Ricordo i giorni in cui volevano che scegliessi il mio futuro: avevano scelto tra me e mio fratello: inutile fu insistere che anche lui avrebbe dovuto studiare, ma mi risposero che avevano dovuto scegliere perché non potevano permettersi due figli avanti negli studi.
Non mi aiutò, col senno di poi, il giudizio finale che rappresentava quel che ero allora: un misterioso bocciolo indefinito che non sapevo neppur io spiegare.
Allora avevo i capelli pettinati all’indietro ed ero sotto il metro e settanta, giocavo a calcio con gli amici, eravamo uguali senza distinguo né se.
Poi un giorno furono scaricati dei mucchi di terra nella promessa di un campo da calcio per noi che si ripeté ad ogni elezione negli anni.
Noi ci accontentavamo sempre di ogni cosa in più che modificava il nostro prato, e riuscivamo ad inventarci un gioco diverso in attendesa del giorno che avremmo finalmente avuto il nostro campo agognato.
Così iniziammo a fare il ciclo cross con le nostre bici impennando a ogni salto. Ma in un giorno maleducato mi feci prestare la bici di un caro amico. avea il manubrio troppo stretto per quei salti, ma la presi lo stesso, lei s’impennò, ed io caddi riverso sul fianco. Il manubrio mi colpì con violenza sul lato sinistro dell’addome.

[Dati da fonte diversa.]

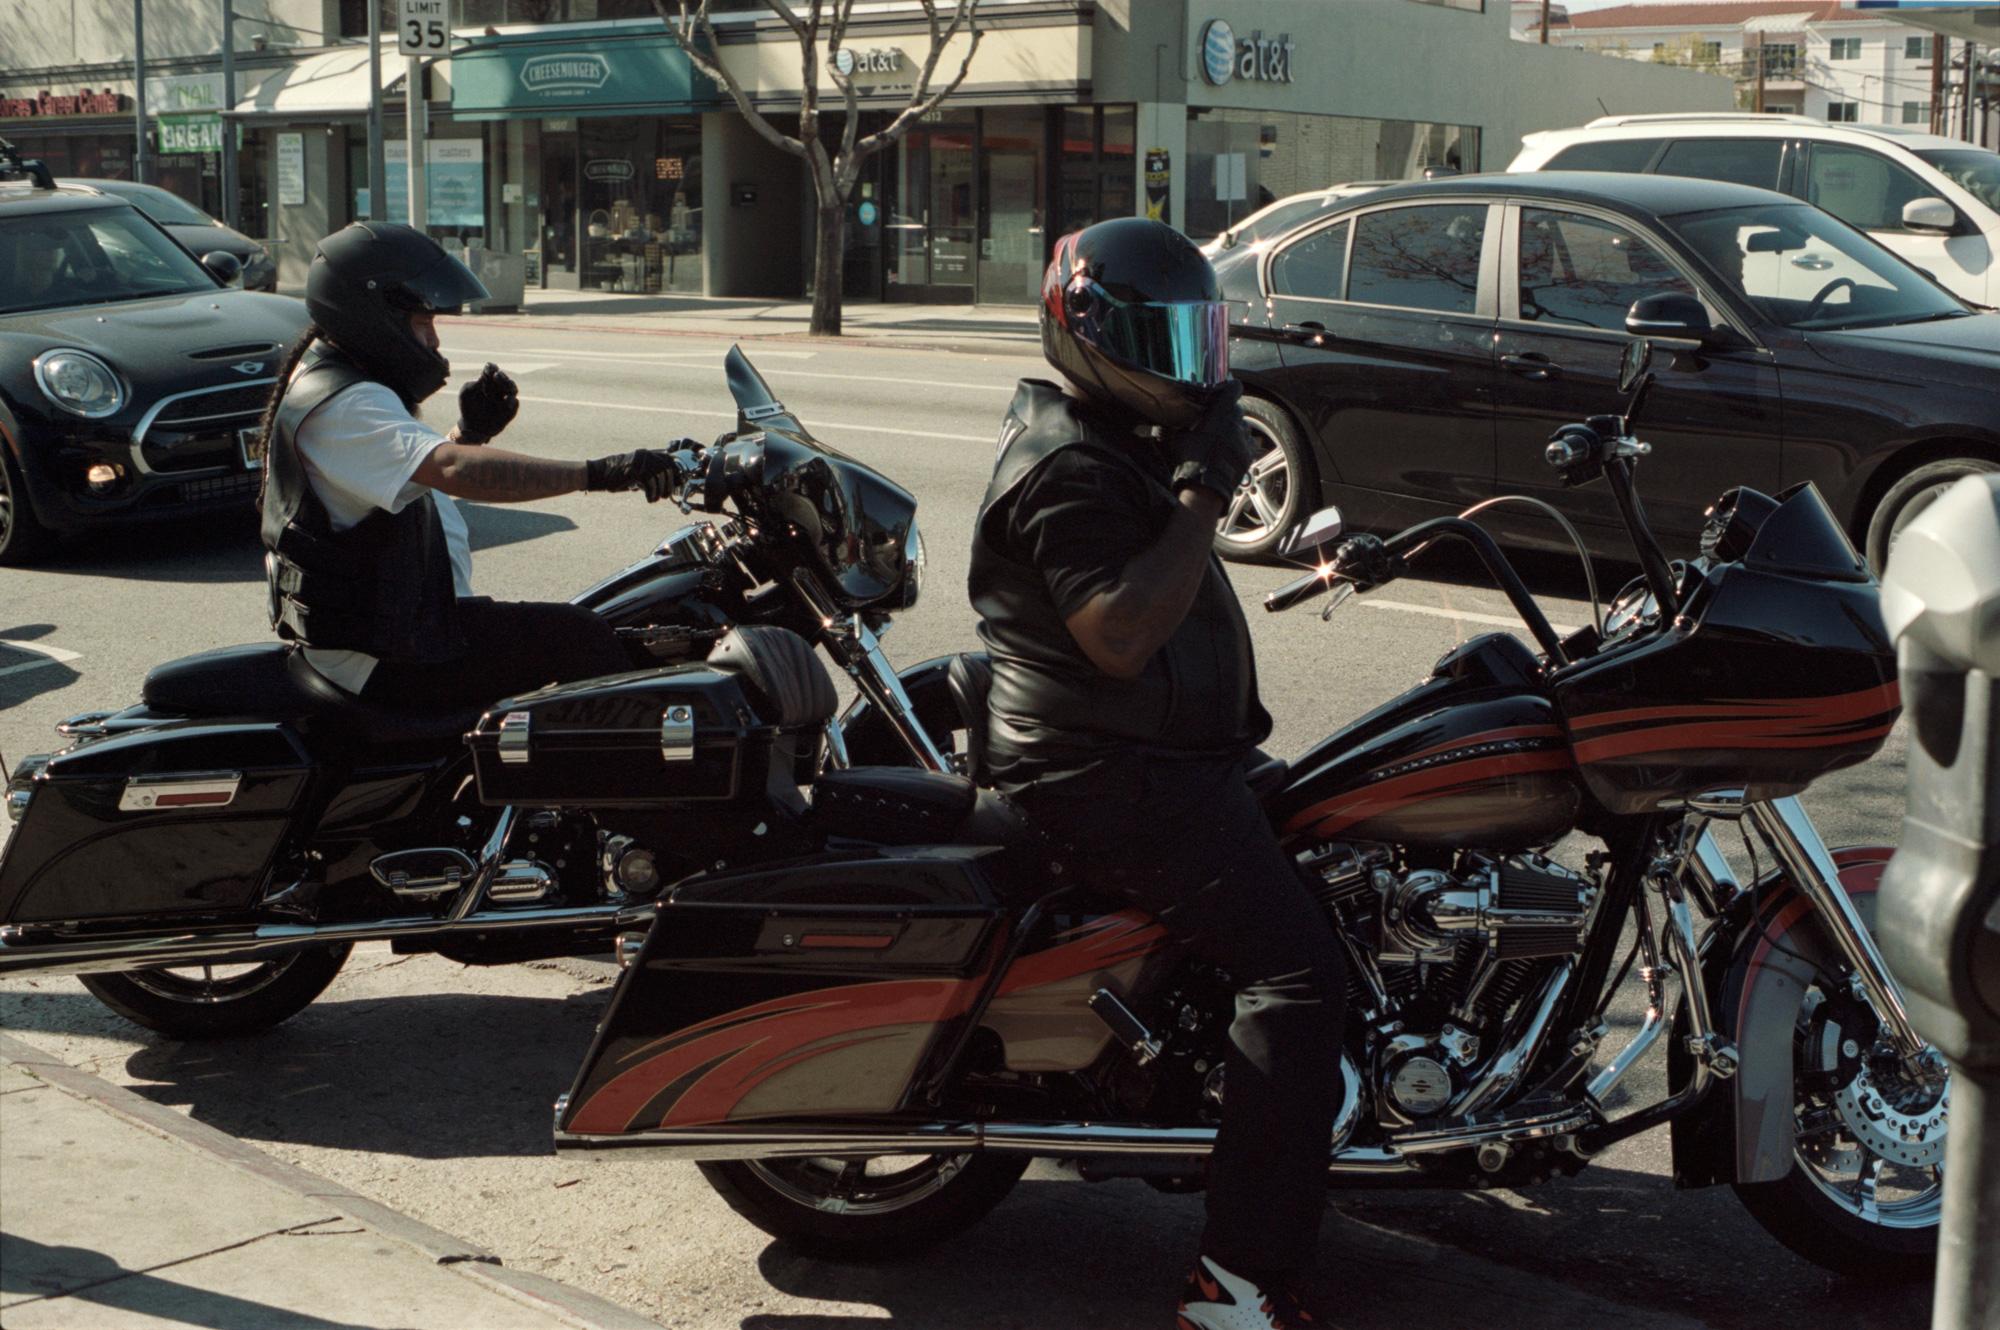 Bikers, 3rd Street, LA, Omg Your English, Photography By Ioannis Koussertari
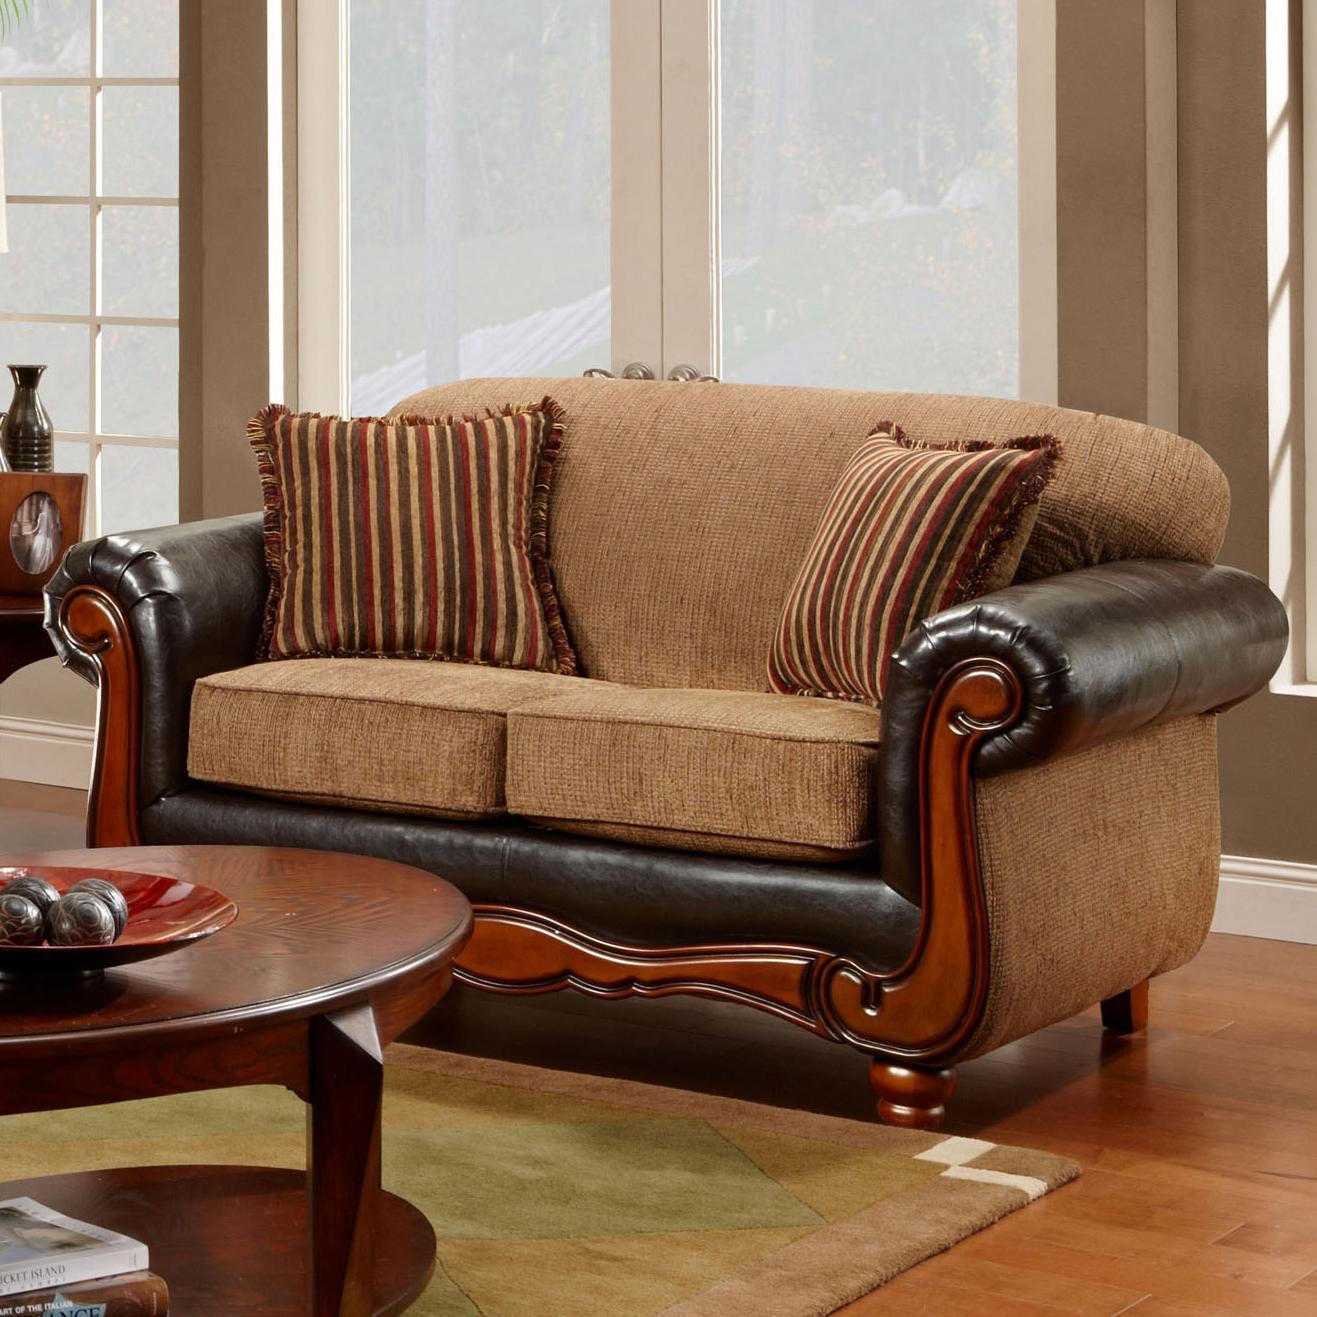 1030 Radar Mocha Loveseat by Washington Furniture at Lynn's Furniture & Mattress

Immediatamente mi mancò il fiato, dicendo a tutti quelli che mi attorniavano preoccupati: “Non è niente, lasciatemi riprendere e passerà tutto”. Ma qualcuno chiamò mia madre ed altri accorsero. I miei non avevano l’auto, ma una nostra vicina aveva una fiat ‘600: mi caricarono per portarmi all’ospedale vicino.
Di quel viaggio ricordo solo la strada interrotta, poi la manovra per imboccare una deviazione e poi … il buio mi prese.
Tempo dopo (non so’ ancora adesso quanto), quando aprii gli occhi, vidi una bara scura con quattro lumini elettrici ai lati, rischiarare la penombra della stanza isolata che mi avevano riservato.
Ricordo che mossi gli occhi e vidi mia madre con gli occhi tumidi che mi guardava e anche che le prima parole che le dissi furono “Cos’è quella cosa da lì”. Mi disse “E’ Santa Rita”. Le risposi “Togli subito quella roba da lì!”. Non potevo alzarmi ancora, ma mi fu detto che il chirurgo si preparò per fare quel suo primo intervento di asportazione della milza.
La mia era spappolata ma l’intervento andò bene. Ci furono poi molti donatori di quel mio sangue particolare che ne fecero dono.
Venne poi il giorno in cui mi dimisero, ingessato dalla vita alle spalle con la sola mano destra che fuoriusciva.
Ero cresciuto in altezza al metro e ottanta, pesavo trentotto chili, avevo i capelli lunghi ed avevo iniziato a gustare vino. Mio padre che conosceva i donatori disse che l’ultima passione l’avevo ereditata dal loro sangue.
Sorrisi, ma ero cambiato completamente. Cosa che mia madre mi ha rinfacciato per tutta la sua vita. Avevano poi realizzato in poco tempo il campo da football che ancor oggi esiste, dove nessuno gioca più.